1
头图

Guide

This article mainly shares some attempts and explorations made by the quality course test team in the last one and a half years to ensure the stability of the big promotion. For example, how to accurately estimate the user traffic at the moment of opening the gate, how to better perform verification and back-testing after performance optimization, and how to solve the embarrassment of the static pressure test in the dead of night, etc. What is gratifying is that, after continuous testing and optimization, all the services of the premium class have shown good stability and reliability under the transaction flow of several billions.

Author / Youdao Quality Course Test and Development Team

Edit/Ein

background

Similar to the e-commerce platform’s 618, Double 11 promotion, there are also two important time nodes for online education platforms: April will continue in the summer and autumn, and October will continue in the cold and spring. The production and research side needs to focus on sales strategies and sales expectations. Provide support in various aspects such as renewal tools, data accounting, and process integration. As a tester, on the basis of ensuring that the function is available, it is necessary to maintain the high availability of the system under the condition of a sudden increase of more than ten times the flow through the means of full link pressure testing, and exercise various degradations, current limiting, fusing, and monitoring , Emergency plan, try our best to ensure that there is no problem with the highest peak of traffic, and even if there is a problem, it can quickly find-locate-deal with-restore.

Concrete practice

Overall goal

In a word: to ensure the overall stability of the system at the moment of opening the gate and during the event.

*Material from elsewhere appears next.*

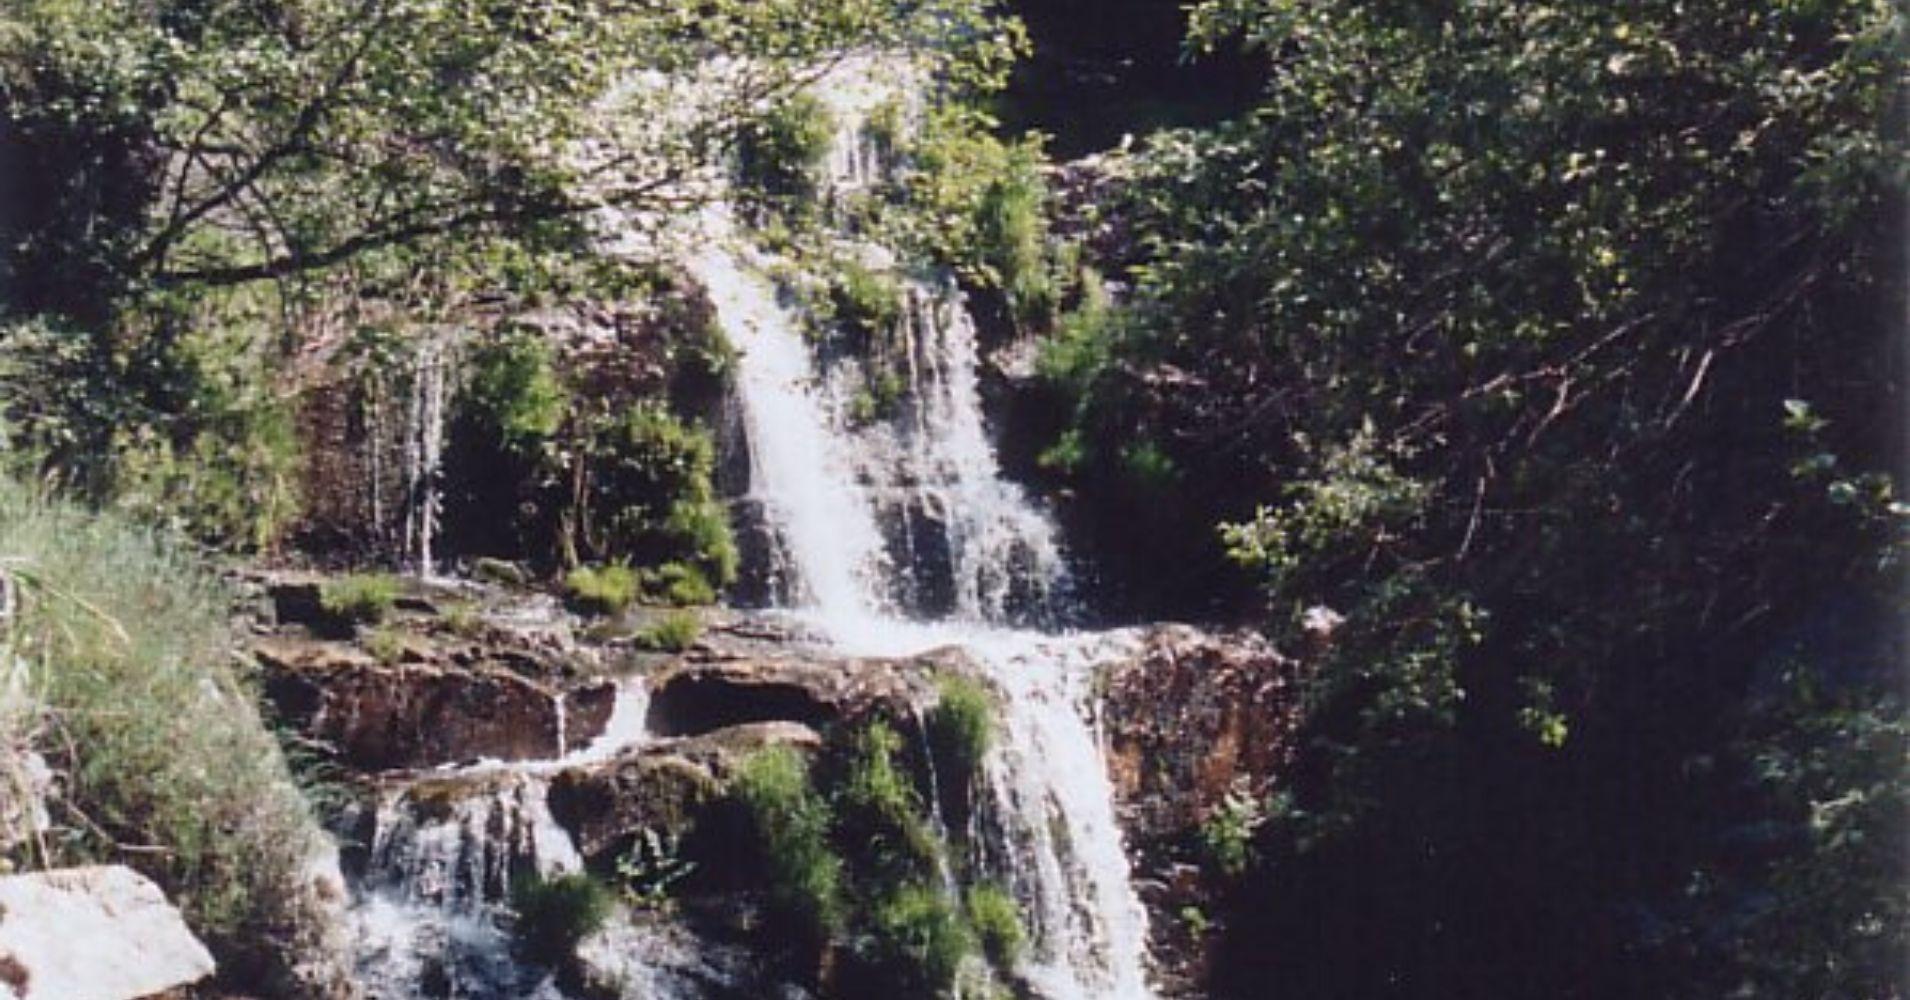 Cascada Garganta del Charco de la Hoya, La Adrada. Ávila.

Further refinement can include the following points:

  1. Capacity planning: Based on the overall flow and business goals, estimate the capacity that each subsystem needs to meet, and combine the pressure test conditions to properly expand and optimize the system to ensure that the system can meet the business flow pressure.
  2. Flow control and degradation: The system needs to prevent the flow from exceeding the supportable capacity, limit the flow beyond the design, and degrade the overloaded or abnormal services in a timely manner. The main verification here: the rationality and availability of current limiting and downgrading strategies.
  3. Monitoring: Test whether existing monitoring methods can reasonably discover and expose problems, so as to provide early warning of problems and achieve early detection and early treatment.
  4. Rehearsal plan: A comprehensive rehearsal of the problems that the system may face, such as basic service abnormalities, computer room failures, and other disaster simulation methods to check system performance and prepare reasonable solutions.

Process


Figure ①Basic test process


Figure ② Problem discovery and location

Common problem solution sharing

Determination of pressure test model

The model mainly includes two aspects: path and index.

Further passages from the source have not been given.